(Collected data)
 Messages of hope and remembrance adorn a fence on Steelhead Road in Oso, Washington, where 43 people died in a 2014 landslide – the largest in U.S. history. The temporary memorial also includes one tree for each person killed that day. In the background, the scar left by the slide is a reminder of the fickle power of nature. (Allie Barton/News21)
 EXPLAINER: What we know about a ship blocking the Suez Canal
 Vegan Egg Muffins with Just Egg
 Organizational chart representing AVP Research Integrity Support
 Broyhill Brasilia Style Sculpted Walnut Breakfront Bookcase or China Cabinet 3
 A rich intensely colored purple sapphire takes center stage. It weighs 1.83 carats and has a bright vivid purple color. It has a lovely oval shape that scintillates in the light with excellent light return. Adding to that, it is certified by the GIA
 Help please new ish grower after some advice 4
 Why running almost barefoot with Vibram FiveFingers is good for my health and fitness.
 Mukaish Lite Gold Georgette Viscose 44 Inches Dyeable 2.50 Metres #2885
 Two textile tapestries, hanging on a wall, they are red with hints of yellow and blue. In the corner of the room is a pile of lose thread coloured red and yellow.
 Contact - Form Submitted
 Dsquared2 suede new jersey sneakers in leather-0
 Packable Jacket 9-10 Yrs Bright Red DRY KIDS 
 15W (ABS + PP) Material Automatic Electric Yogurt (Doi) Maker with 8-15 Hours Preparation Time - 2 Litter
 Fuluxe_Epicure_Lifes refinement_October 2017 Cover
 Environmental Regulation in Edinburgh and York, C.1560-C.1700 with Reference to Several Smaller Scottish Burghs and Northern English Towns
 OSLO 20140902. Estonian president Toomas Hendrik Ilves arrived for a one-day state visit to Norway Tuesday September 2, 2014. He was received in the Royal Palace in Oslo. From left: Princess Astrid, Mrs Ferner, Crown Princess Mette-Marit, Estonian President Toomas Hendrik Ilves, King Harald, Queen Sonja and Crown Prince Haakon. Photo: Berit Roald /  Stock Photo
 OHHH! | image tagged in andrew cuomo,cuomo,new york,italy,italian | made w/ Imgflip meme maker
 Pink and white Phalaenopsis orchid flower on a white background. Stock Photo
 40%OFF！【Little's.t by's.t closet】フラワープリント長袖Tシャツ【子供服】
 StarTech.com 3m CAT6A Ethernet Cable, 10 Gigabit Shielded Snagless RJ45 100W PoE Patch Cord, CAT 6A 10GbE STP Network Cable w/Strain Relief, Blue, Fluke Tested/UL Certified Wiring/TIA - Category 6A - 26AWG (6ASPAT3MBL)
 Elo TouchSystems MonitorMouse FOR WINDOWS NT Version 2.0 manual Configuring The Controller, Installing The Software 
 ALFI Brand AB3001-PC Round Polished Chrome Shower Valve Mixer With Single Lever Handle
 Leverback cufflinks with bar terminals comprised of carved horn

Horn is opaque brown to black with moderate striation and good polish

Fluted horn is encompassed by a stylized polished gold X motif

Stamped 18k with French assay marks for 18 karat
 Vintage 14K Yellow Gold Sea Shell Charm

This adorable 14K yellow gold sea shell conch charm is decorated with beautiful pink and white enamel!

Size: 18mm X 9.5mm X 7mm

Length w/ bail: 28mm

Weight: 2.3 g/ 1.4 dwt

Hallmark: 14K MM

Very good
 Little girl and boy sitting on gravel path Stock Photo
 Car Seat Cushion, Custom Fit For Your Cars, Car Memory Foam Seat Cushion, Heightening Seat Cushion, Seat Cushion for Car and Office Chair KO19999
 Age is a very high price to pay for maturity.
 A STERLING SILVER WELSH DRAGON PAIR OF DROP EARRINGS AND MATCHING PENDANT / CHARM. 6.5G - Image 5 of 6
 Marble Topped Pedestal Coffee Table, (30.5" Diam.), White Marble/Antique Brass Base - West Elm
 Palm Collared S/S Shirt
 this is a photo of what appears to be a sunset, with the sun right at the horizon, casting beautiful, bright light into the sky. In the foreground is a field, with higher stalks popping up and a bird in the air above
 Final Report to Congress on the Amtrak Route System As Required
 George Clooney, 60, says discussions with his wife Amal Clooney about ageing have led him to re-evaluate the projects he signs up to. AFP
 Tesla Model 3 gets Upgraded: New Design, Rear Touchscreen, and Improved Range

* _WHAT YOU NEED TO DO_:
Retype every record above exactly as it appears.

* _SOLUTION_:
 Messages of hope and remembrance adorn a fence on Steelhead Road in Oso, Washington, where 43 people died in a 2014 landslide – the largest in U.S. history. The temporary memorial also includes one tree for each person killed that day. In the background, the scar left by the slide is a reminder of the fickle power of nature. (Allie Barton/News21)
 EXPLAINER: What we know about a ship blocking the Suez Canal
 Vegan Egg Muffins with Just Egg
 Organizational chart representing AVP Research Integrity Support
 Broyhill Brasilia Style Sculpted Walnut Breakfront Bookcase or China Cabinet 3
 A rich intensely colored purple sapphire takes center stage. It weighs 1.83 carats and has a bright vivid purple color. It has a lovely oval shape that scintillates in the light with excellent light return. Adding to that, it is certified by the GIA
 Help please new ish grower after some advice 4
 Why running almost barefoot with Vibram FiveFingers is good for my health and fitness.
 Mukaish Lite Gold Georgette Viscose 44 Inches Dyeable 2.50 Metres #2885
 Two textile tapestries, hanging on a wall, they are red with hints of yellow and blue. In the corner of the room is a pile of lose thread coloured red and yellow.
 Contact - Form Submitted
 Dsquared2 suede new jersey sneakers in leather-0
 Packable Jacket 9-10 Yrs Bright Red DRY KIDS 
 15W (ABS + PP) Material Automatic Electric Yogurt (Doi) Maker with 8-15 Hours Preparation Time - 2 Litter
 Fuluxe_Epicure_Lifes refinement_October 2017 Cover
 Environmental Regulation in Edinburgh and York, C.1560-C.1700 with Reference to Several Smaller Scottish Burghs and Northern English Towns
 OSLO 20140902. Estonian president Toomas Hendrik Ilves arrived for a one-day state visit to Norway Tuesday September 2, 2014. He was received in the Royal Palace in Oslo. From left: Princess Astrid, Mrs Ferner, Crown Princess Mette-Marit, Estonian President Toomas Hendrik Ilves, King Harald, Queen Sonja and Crown Prince Haakon. Photo: Berit Roald /  Stock Photo
 OHHH! | image tagged in andrew cuomo,cuomo,new york,italy,italian | made w/ Imgflip meme maker
 Pink and white Phalaenopsis orchid flower on a white background. Stock Photo
 40%OFF！【Little's.t by's.t closet】フラワープリント長袖Tシャツ【子供服】
 StarTech.com 3m CAT6A Ethernet Cable, 10 Gigabit Shielded Snagless RJ45 100W PoE Patch Cord, CAT 6A 10GbE STP Network Cable w/Strain Relief, Blue, Fluke Tested/UL Certified Wiring/TIA - Category 6A - 26AWG (6ASPAT3MBL)
 Elo TouchSystems MonitorMouse FOR WINDOWS NT Version 2.0 manual Configuring The Controller, Installing The Software 
 ALFI Brand AB3001-PC Round Polished Chrome Shower Valve Mixer With Single Lever Handle
 Leverback cufflinks with bar terminals comprised of carved horn

Horn is opaque brown to black with moderate striation and good polish

Fluted horn is encompassed by a stylized polished gold X motif

Stamped 18k with French assay marks for 18 karat
 Vintage 14K Yellow Gold Sea Shell Charm

This adorable 14K yellow gold sea shell conch charm is decorated with beautiful pink and white enamel!

Size: 18mm X 9.5mm X 7mm

Length w/ bail: 28mm

Weight: 2.3 g/ 1.4 dwt

Hallmark: 14K MM

Very good
 Little girl and boy sitting on gravel path Stock Photo
 Car Seat Cushion, Custom Fit For Your Cars, Car Memory Foam Seat Cushion, Heightening Seat Cushion, Seat Cushion for Car and Office Chair KO19999
 Age is a very high price to pay for maturity.
 A STERLING SILVER WELSH DRAGON PAIR OF DROP EARRINGS AND MATCHING PENDANT / CHARM. 6.5G - Image 5 of 6
 Marble Topped Pedestal Coffee Table, (30.5" Diam.), White Marble/Antique Brass Base - West Elm
 Palm Collared S/S Shirt
 this is a photo of what appears to be a sunset, with the sun right at the horizon, casting beautiful, bright light into the sky. In the foreground is a field, with higher stalks popping up and a bird in the air above
 Final Report to Congress on the Amtrak Route System As Required
 George Clooney, 60, says discussions with his wife Amal Clooney about ageing have led him to re-evaluate the projects he signs up to. AFP
 Tesla Model 3 gets Upgraded: New Design, Rear Touchscreen, and Improved Range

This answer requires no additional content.